July 13, 2022: Venus passes between Elnath and Zeta Tauri, the horns of Taurus, this morning. The perigee full moon – sometimes called a supermoon – is visible in the southeastern sky after sunset.
by Jeffrey L. Hunt
Chicago, Illinois: Sunrise, 5:27 a.m. CDT; Sunset, 8:25 p.m. CDT. Check local sources for sunrise and sunset times for your location.
The moon is closest to Earth (perigee) at 4:06 a.m. CDT. At this hour it is low in the southwestern sky. The Full moon phase occurs at 1:38 p.m. CDT. It is below the horizon for sky watchers across the Americas. It rises about 35 minutes after sunset.
This morning, Venus passes between the horns of Taurus, a precarious place to be, before daybreak.
The brilliant Morning Star rises nearly two hours before sunup. An hour later, it is about 9° above the east-northeast horizon, 1.5° to the upper left of Zeta Tauri (ζ Tau on the chart) – the southern horn of Taurus – and 6.4° to the lower right of Elnath, the northern horn. A binocular may be needed to see dimmer Zeta.
The head of Taurus is made of Aldebaran – nearly 15° to the upper right of Venus – and the Hyades star cluster. The Pleiades star cluster, about one-third of the way up in the east, rides on the back of the Bull.

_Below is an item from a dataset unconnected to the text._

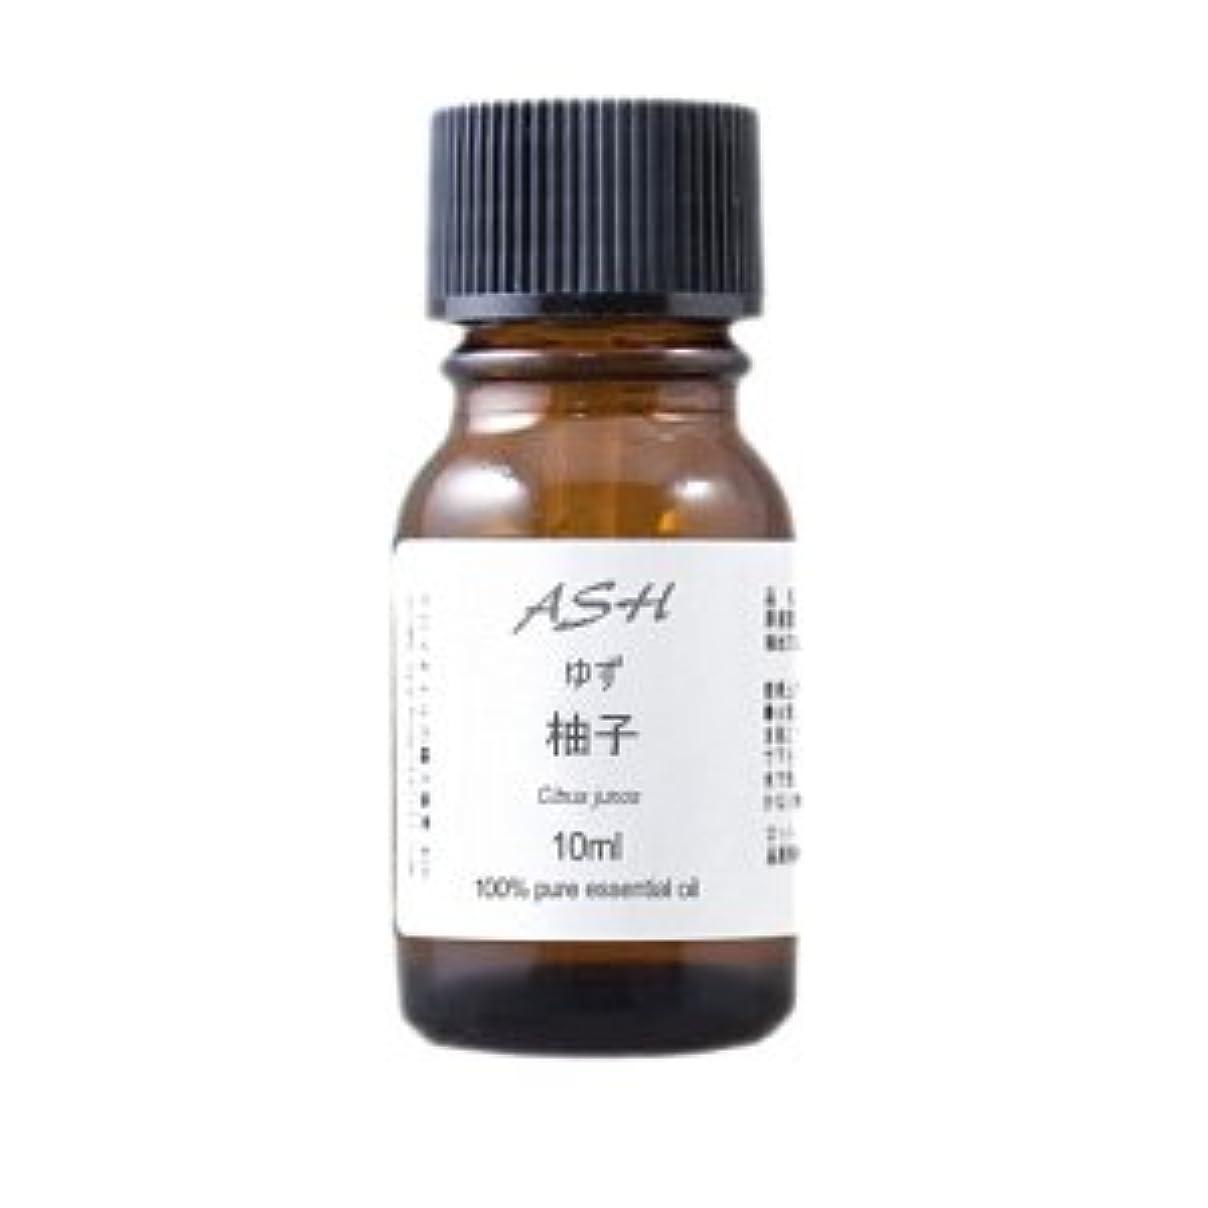 気性矢印めんどりASH 柚子 (ゆず) エッセンシャルオイル 10ml 【和精油】【Yuzu Essential Oil-Japan】 AEAJ表示基準適合認定精油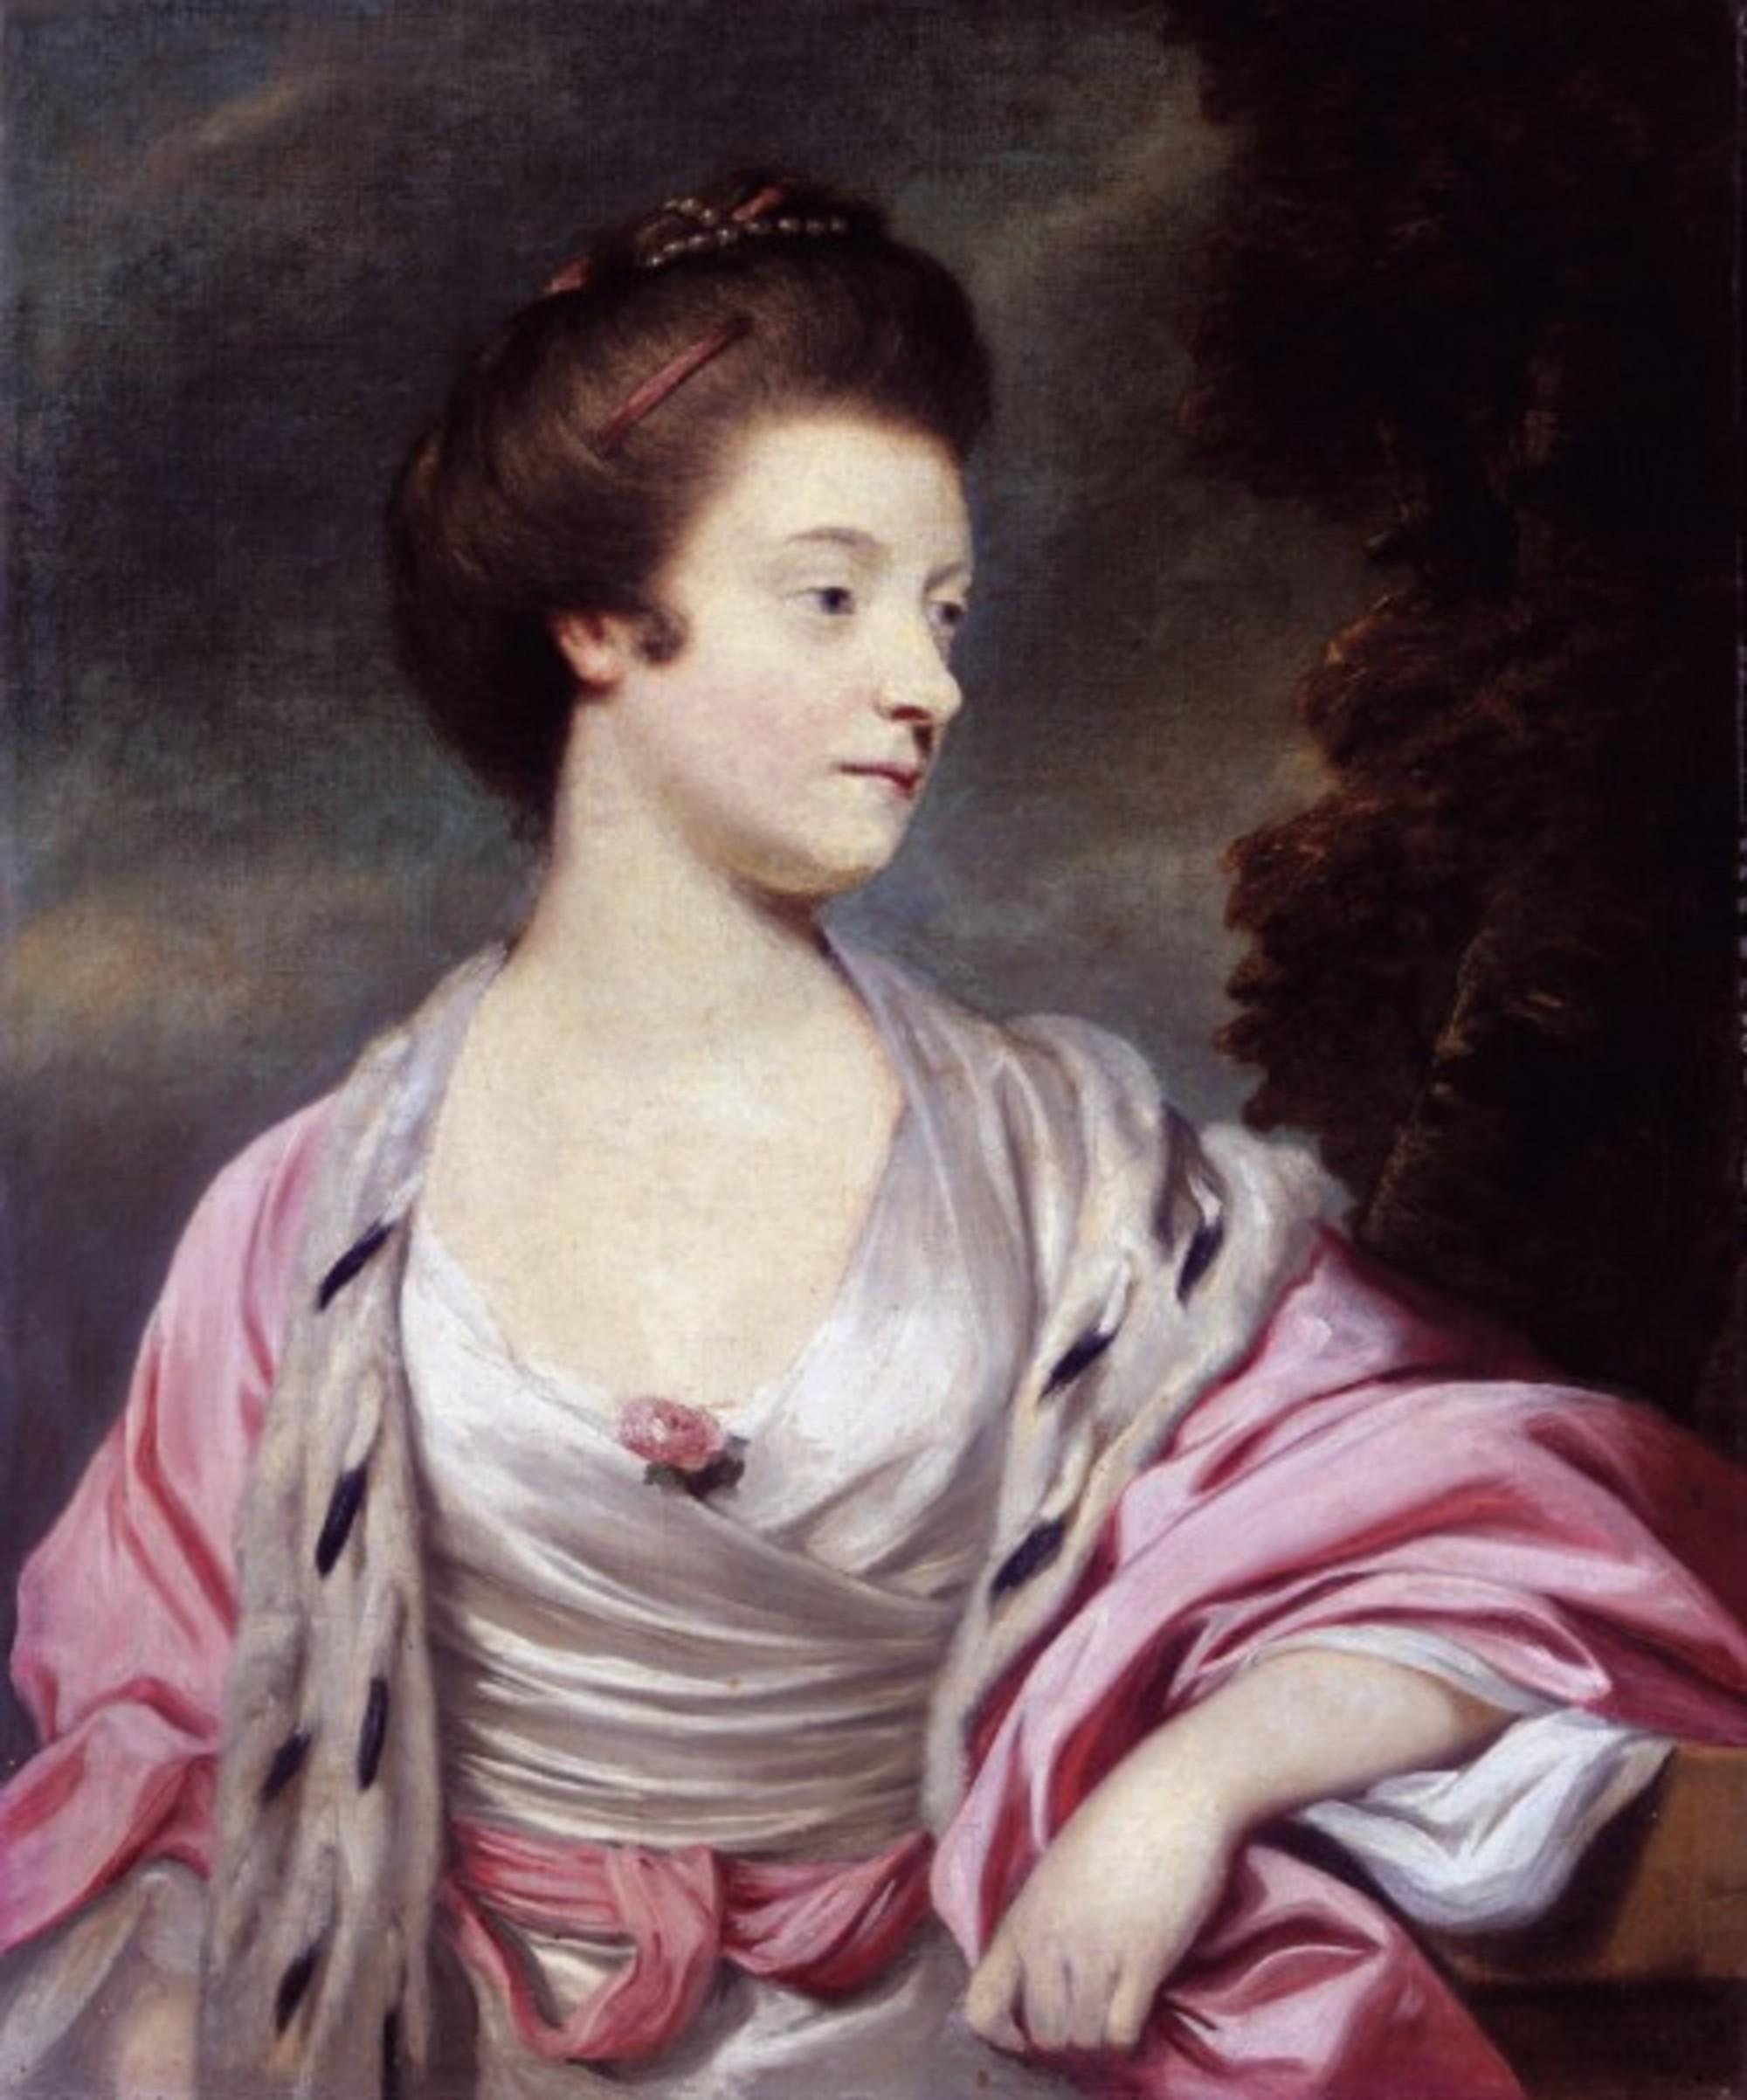 Elizabeth_Lady_Amherst_1740-1830_by_Joshua_Reynolds.jpg

Three other planets are visible this morning as part of the morning planet parade. Bright Jupiter is about halfway up in the southeast. Dimmer Mars is to its lower left in the east-southeast. Saturn is in the south-southwest.
Saturn is the dimmest of the four bright morning planets. The Ringed Wonder is less than one-third of the way up in the sky above the south-southwest horizon. It is retrograding in eastern Capricornus, near the star Deneb Algedi.
The perigee Full moon is known in the popular press as a “supermoon” – the Full moon that occurs near perigee. The Farmer’s Almanac calls the July Full moon the “Buck Moon”
The supermoon is so named when the Full phase occurs when the moon is at least 90% of its perigee distance. This occurs a few times each year. It’s supposed to be super large and super bright. The perigee moon is about 14% closer and 14% brighter than the moon’s typical distance.
First 14% is not so much brighter than the typical Full moon and likely not visible to the human eye.
Secondly, take a look at these two images. One is 14% larger than the other one. Can you tell the difference?
When the popular press advertises any celestial event that encourages the public to look up, that is excellent publicity for sky watching. The difference from tonight’s Full moon and another is not likely visible.
Please get outside enjoy the bright Full moon. Take a walk in the bright moonlight. Watch and listen for the night sounds of nature.